The embedded reference tables with this tool show that minor variations in field of view radically affect your effective range. Ten degrees might be the difference between reading a license plate vs. Seeing a form. Which is why planning on a margin helps; lighting and compression will nibble away at your usable detail as well. You may achieve recognition rather than identification in the glare of night time conditions or under a heavy video encoder’s hand, yet that doesn’t mean you don’t pick up any clues that help whittle down suspects. It does mean you planned for detection, while getting less.

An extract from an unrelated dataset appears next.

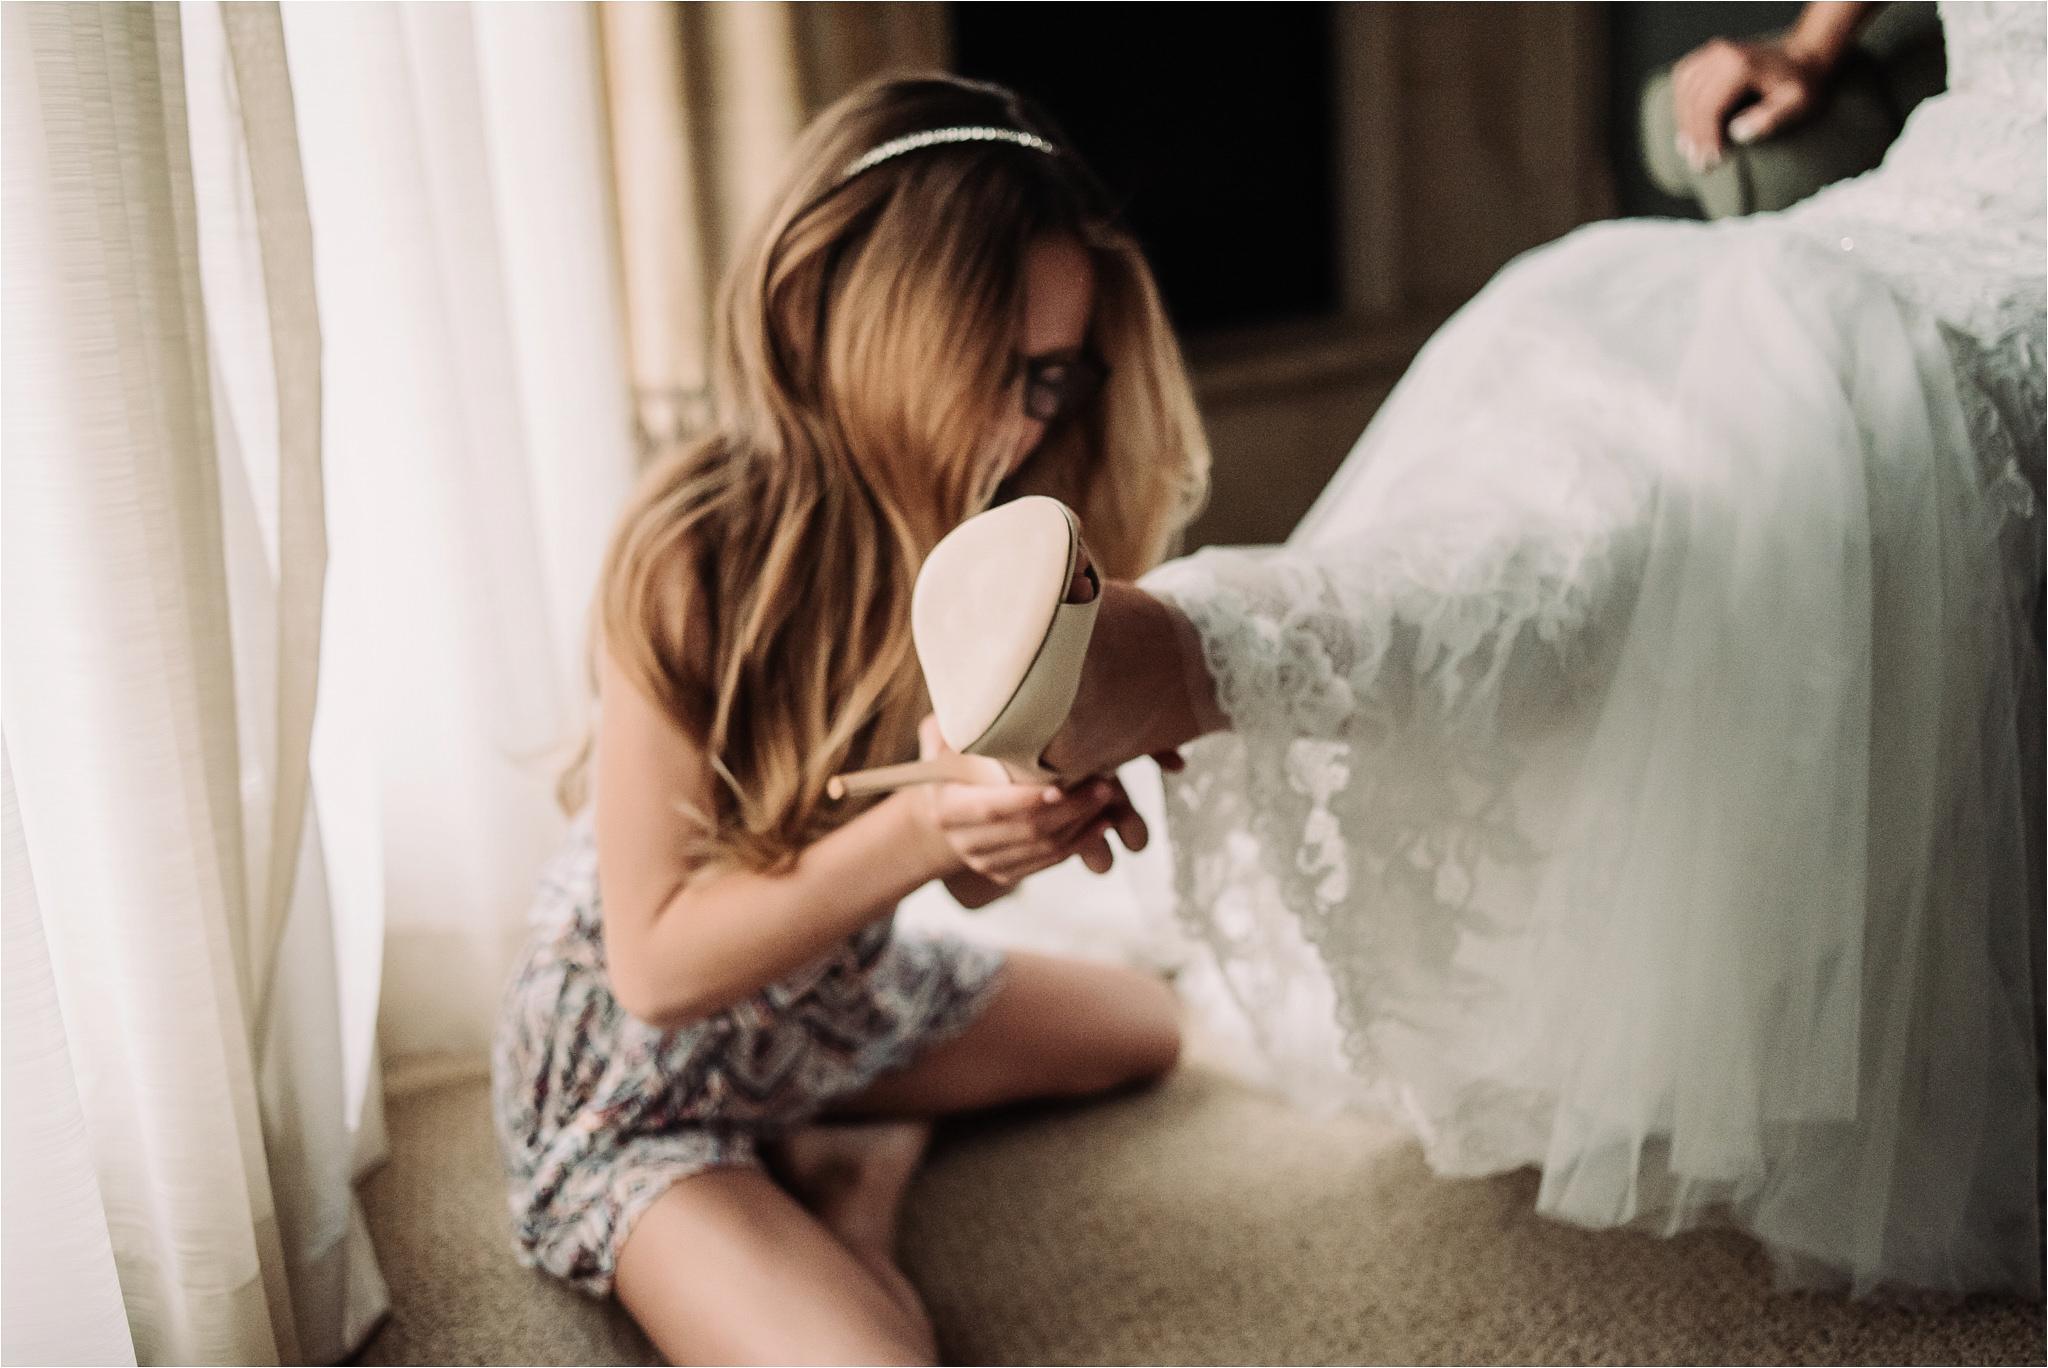 jessica-roman-photography-arden hills wedding photograpger-sacramento-boise-4.jpg
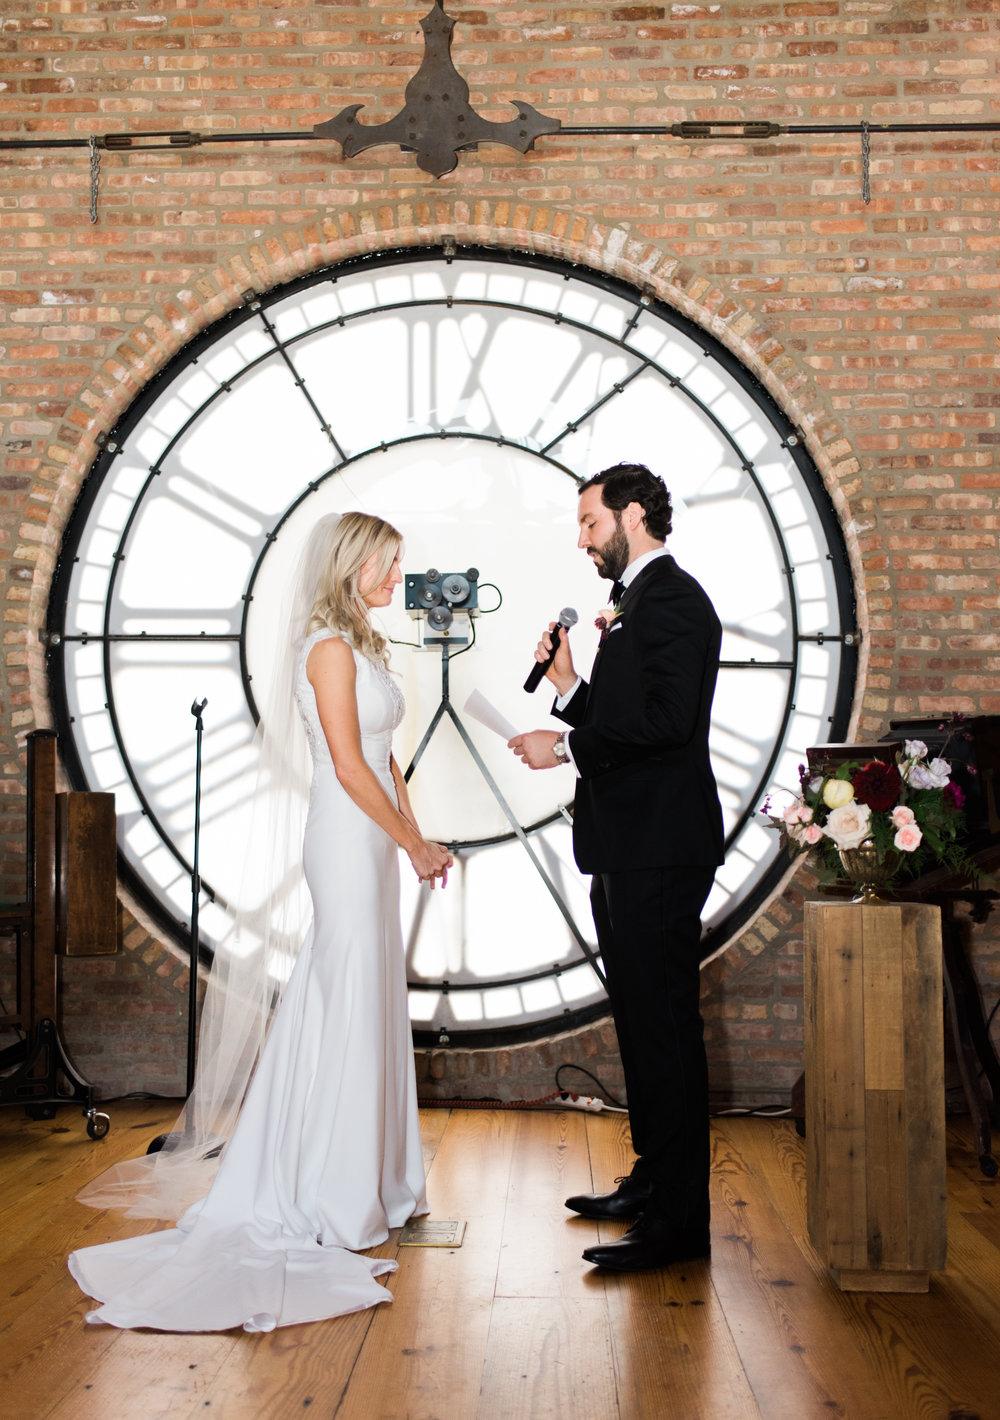 Bonphotage Chicago Fine Art Wedding Photography - Studio Manarchy

Planning for evidence means aligning your optics choices with what you actualy need. Don’t try and watch your fifty-foot wide backyard perimeter with a four-k camera hoping to ID bad guys. Use it to guard some single entry point where the geometry lets the pixels fall densely enough to count. So begin by measuring out the size of the scene you want to cover, then work backward up the chain until you reach a lens whose pixel density exceeds the line. It’s easy math, the rigor to actually do it is what distinguishes useful security from overpriced decoration.
Once you stop chasing megapixels and focus on pixels per foot, the image starts to make sense.